Conducting an clinical evaluation by equivalence

Equivalence should compare the technical, biological and clinical aspects of the devices.

The differences have to be justified, from a security and performance perspective.

Finally – and this is a big feature of the regulation – access to the data of the equivalent device (to its technical documentation) must be proven. For class III and IMD this will necessarily involve a contract between the manufacturers, most often competitors.

Search the clinical literature

You are still allowed to use literature data, it will need to be updated as part of your post-marketing clinical follow-up activities anyway.

A literature search should be planned, specifying:

  • The questions that will guide your search (see PICO method),
  • The databases consulted (Medline, Google scholar, Embase, Cochrane…),
  • The key words searched,
  • The booleans used (AND, OR, NOT),
  • The inclusion and exclusion criteria for documents (see for example PRISMA methods).

Evaluation of the relevance of the data

Your data has been identified, now it is time to evaluate it: establish whether it is worthy of being used to demonstrate your MD’s conformity.

The assessment is based on the relevance of the data, estimated according to criteria of methodological, scientific and especially clinical relevance. Several scoring systems are used to calculate a relevance score.

Data are evaluated according to their contribution to demonstrating security and performance (it is recommended that these two aspects are scored separately).

This estimate allows you to weight the data that will contribute to the demonstration of conformity.

Meet general requirements

The relevant clinical data is identified and weighed, what remains is to close the loop: proving that each applicable general requirement is met given the data.

You need to consolidate the responses to the general requirements of the regulation already addressed in your technical documentation:

  • Demonstrating performance (general requirement 1)
  • Demonstrating security (requirements 1 and 2)
  • Management of risks (requirement 3)
  • Assessing the acceptability of adverse side effects (requirement 8)
  • Relevance of information provided (requirement 4)
  • Accountability of monitoring activities, for a post-CE marking evaluation (requirement 3)
  • And finally: evaluation of the acceptability of the benefit/risk ratio (requirements 1,2,3 and 8)

Conclusion

The results of your evaluation are recorded in a clinical evaluation report, a key part of your technical documentation.
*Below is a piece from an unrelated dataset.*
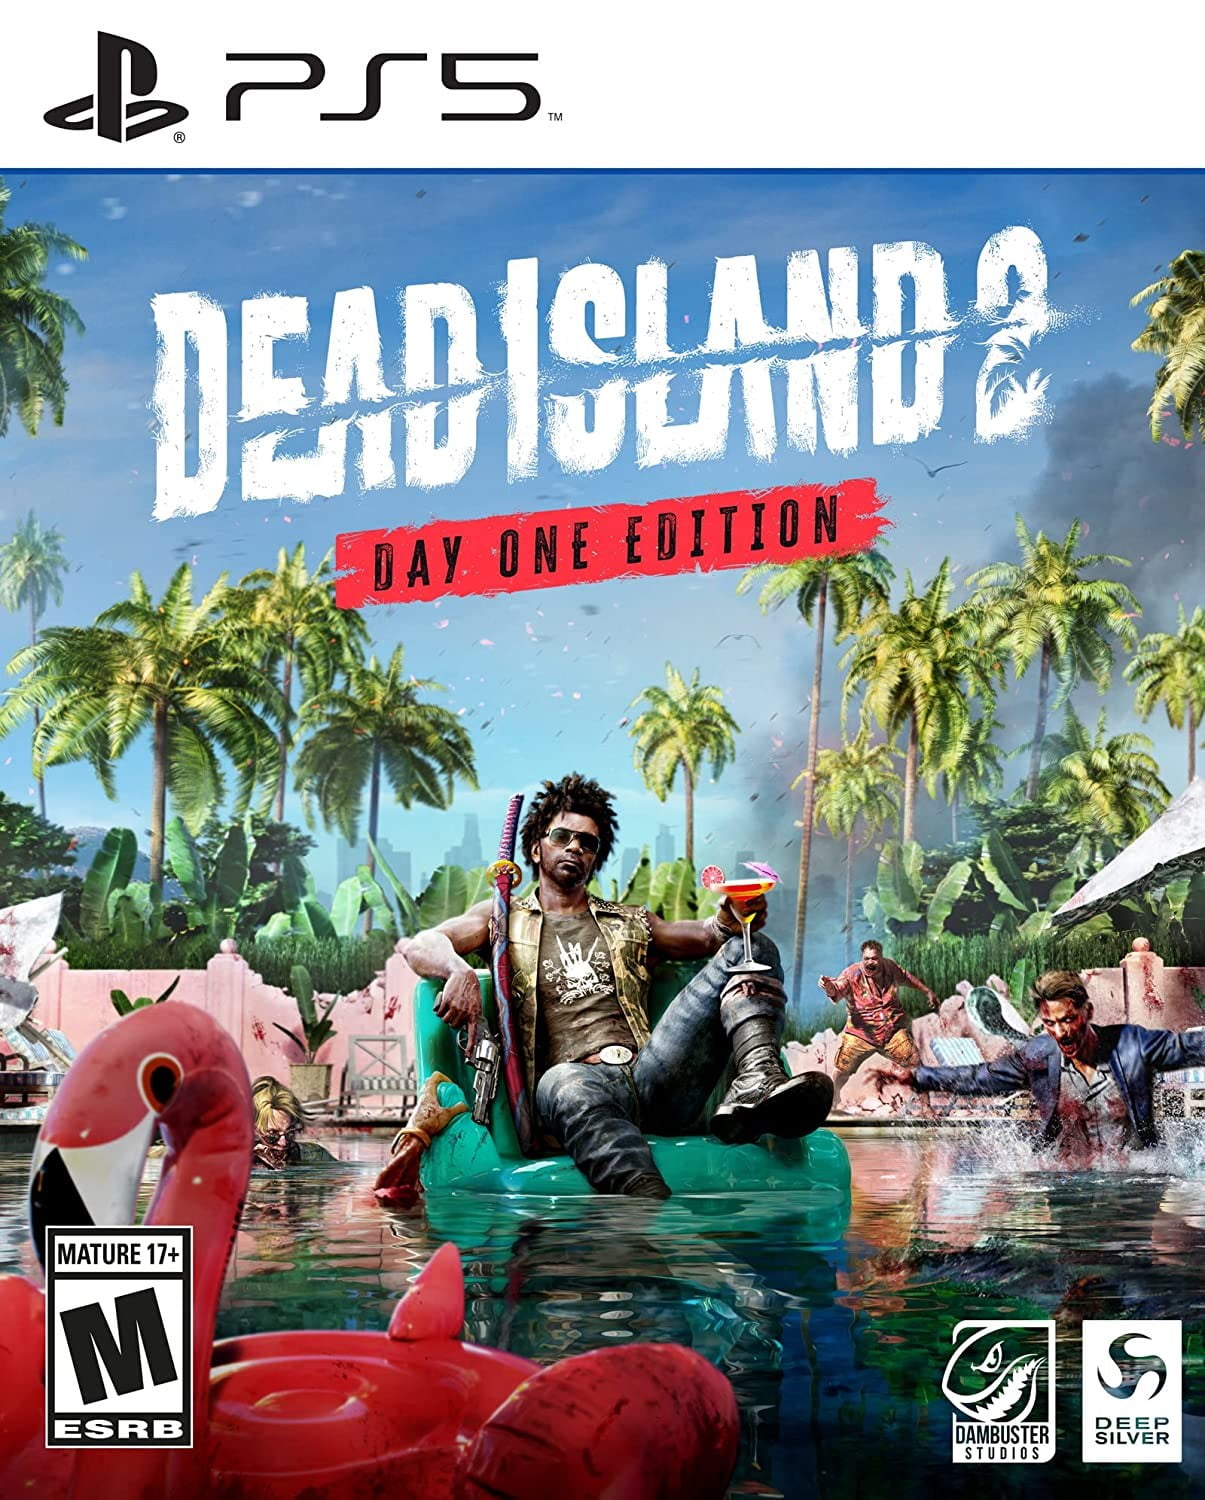 Dead Island: Riptide review

But the clinical evaluation is not over yet: you will certainly have points to clarify, uncertainties to resolve … and the context will constantly evolve: technologies, uses, alternatives, consensus: everything is moving and the conclusions of your evaluations may only be valid for a few months!

This is the whole point of the post-market clinical follow-up (PMCF), a component of your PMS, covered in a specific Qualitiso article.